JB: That’s right. Vladimir Putin never said he wanted to take Kiev. He never said he was going to take the city in two days. He never said he wanted to overthrow President Zelensky. He never said he wanted to take over all of Ukraine. He never said he was aiming for a victory on May 9th. He never said he wanted to declare that victory at the May 9th parade. He never said that he wanted to “declare war” on May 9th, in order to trigger a general mobilization.
So, by setting the objectives, the West can now claim Putin did not achieve them. The narrative that Russia is losing the war against Ukraine is based on these claims.
TK: What should come out of the military action at the end?
JB: Of course, we do not know what is going on in Vladimir Putin’s mind. But obviously there is a logic. The West is not making it easier for the Ukrainians, and the Russians are moving ahead. In the near future, we’ll see the Russian coalition “liberating” more territories. Some provinces have already decided to introduce the ruble as currency. So, things are slowly moving towards the “recreation” of some kind of Novorossiya.
TK: What do you mean by “Novorossiya,” and how should it look territorially?
JB: After the abolition of the official language law in 2014, not only the Lugansk and Donetsk oblasts rose up, but the entire Russian-speaking south of Ukraine. As a result, in October 2014, the Unified Forces of Novorossiya were formed, with units from the self-proclaimed Republics of Odessa, Kharkov, Dnepropetrovsk, and, of course, Lugansk and Donetsk. Only Lugansk and Donetsk survived. The other “republics” have been brutally suppressed by the Kiev’s paramilitary forces. Today, the Russians are using the revival of the Novorossiya as an incentive for the Ukrainians to go to the negotiation table. If they don’t want, Russia will increase the pressure.

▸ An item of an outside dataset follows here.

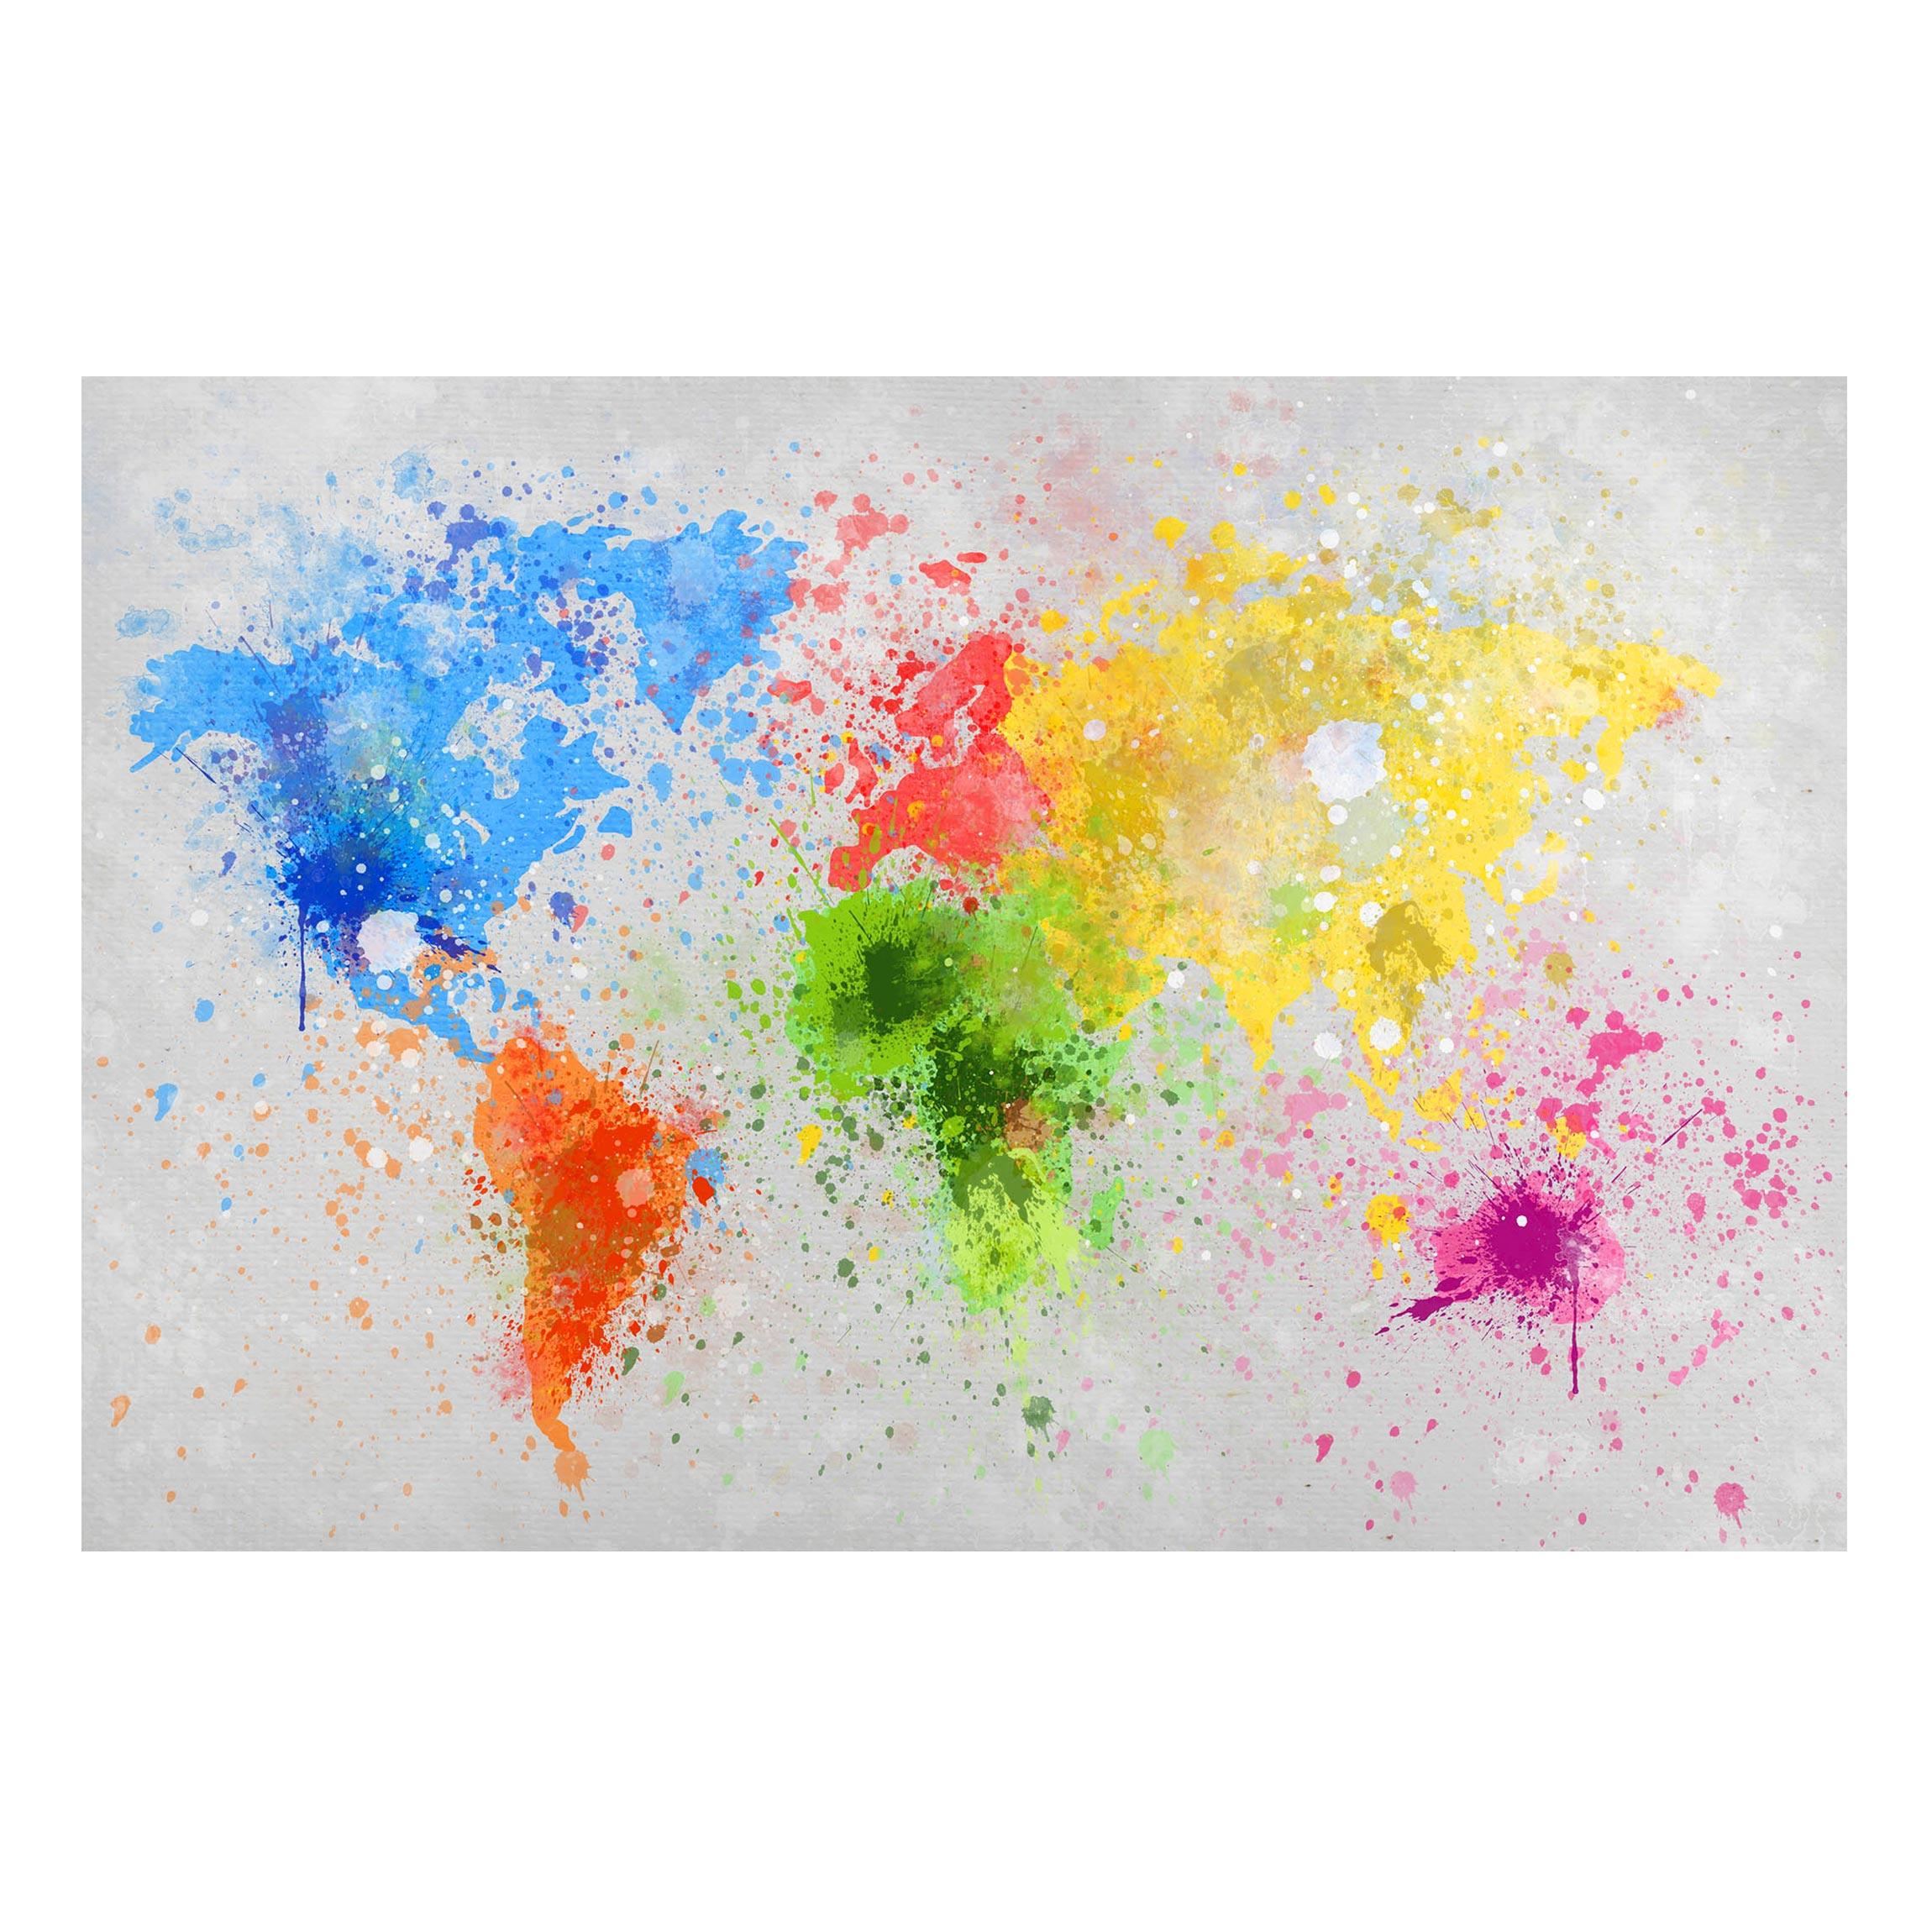 Magnetic Board - Colorful paint splatter world map - Landscape Format 2:3

TK: Does Russia have a chance of success in this way?
JB: Nothing is certain. What can be said, however, is that the popular resistance to Russia in the territories it occupies is much weaker than Western experts estimated. Moreover, it is clear that the Ukrainian conduct of operations has not been effective. It seems that the Ukrainian military has lost confidence in its authorities, as it did in 2014.
TK: How do we know this?
JB: The testimonies of Western volunteer fighters who have returned from Ukraine confirm that the Ukrainian leadership is weak. It seems that the Ukrainian leadership itself is a victim of its own propaganda, which overestimates the performance of Ukrainian Forces. One gets the feeling that the political leadership is more satisfied with the messages conveyed by the West than with the actual results on the battlefield. Of course, the Western media uses the civilian and military casualty figures given by Ukraine to claim Ukraine’s victory and Russian upcoming defeat.

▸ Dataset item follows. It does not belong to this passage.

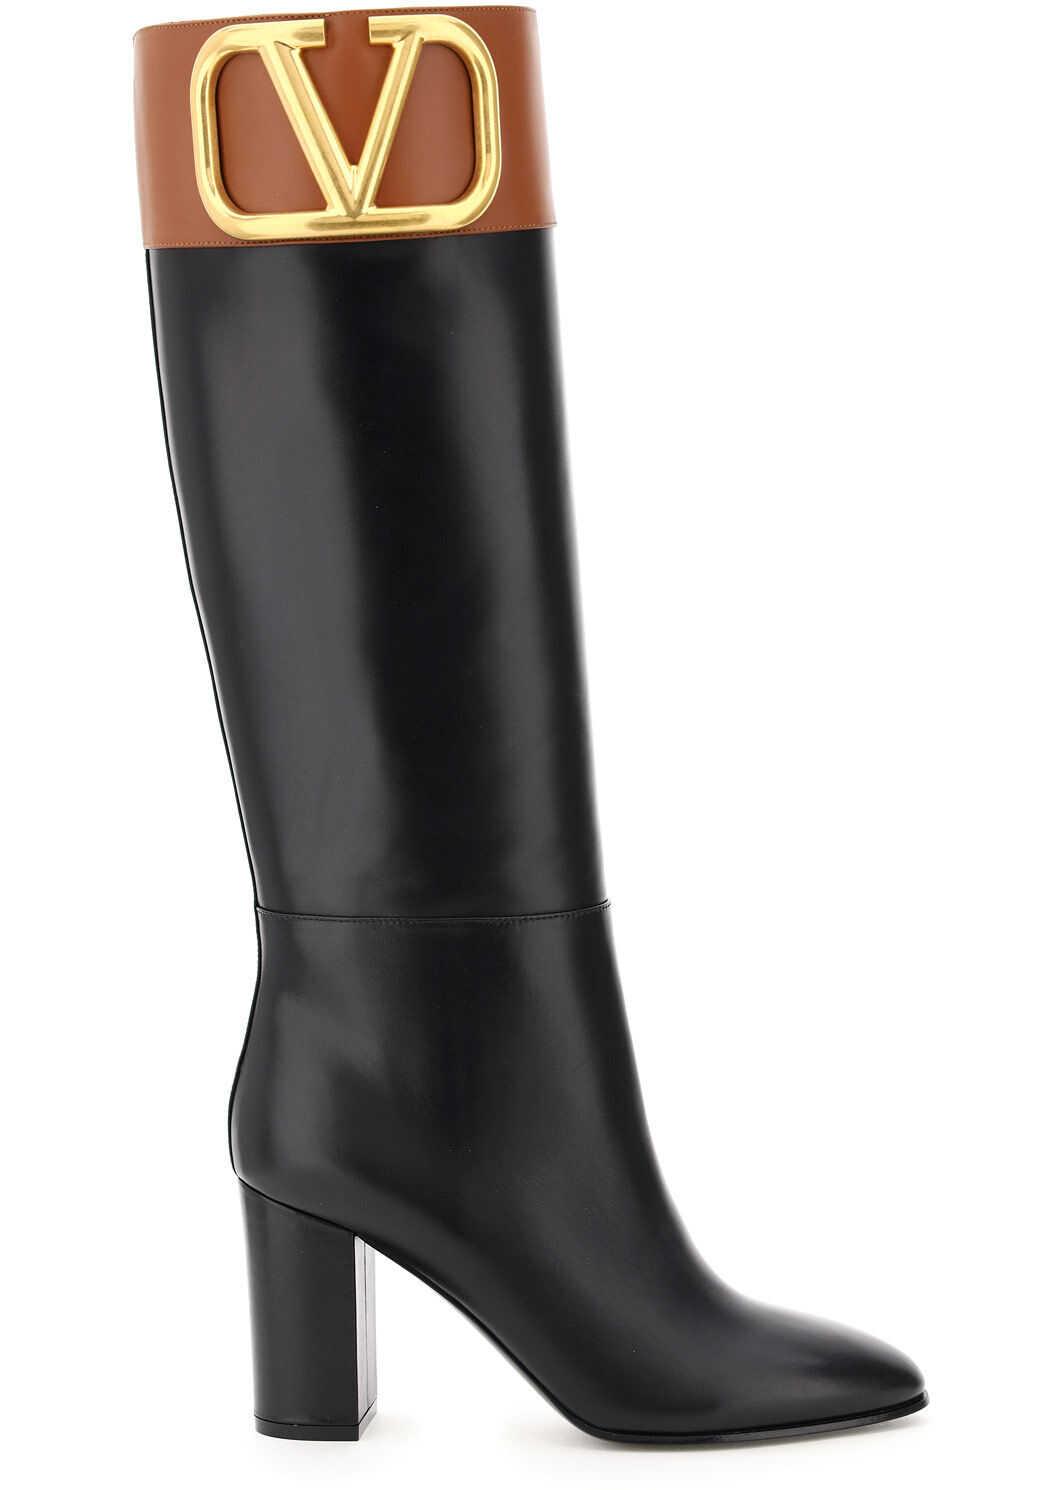 Valentino Garavani Supervee Two-Tone Leather Boots UW2S0Z94AXA NERO SELLERIA imagine b-mall.ro

TK: What conclusions can we draw from this whole situation?
JB: Western activities will only prolong this war, while leaving no room for negotiations. This is exactly what the EU and Switzerland are doing. They are more part of the problem than of the solution.
TK: German Chancellor Scholz has said very clearly, “Russia must not win the war.” With that, the war will continue?
JB: That is childish. The operational situation shows that Ukraine is in a very difficult situation. I do not know whether Russia will “win” or “lose” this war. But I do know that Ukraine is no longer in a position to win militarily. On the political level, the situation may be different. This is debatable, and the future will tell. From a Western perspective, it is certainly a political defeat for Russia. However, for the rest of the world, this may not be the case. In fact, the new Eurasian bloc that will emerge from this conflict will be a significantly stronger contender for the West. We are used to see the fate of the world revolving around the West. But Asia will probably be the next “center of the world.” By isolating Russia politically from the West, you push it into the Asian bloc. In the long run, this could give Russia an advantage over Europe and the United States.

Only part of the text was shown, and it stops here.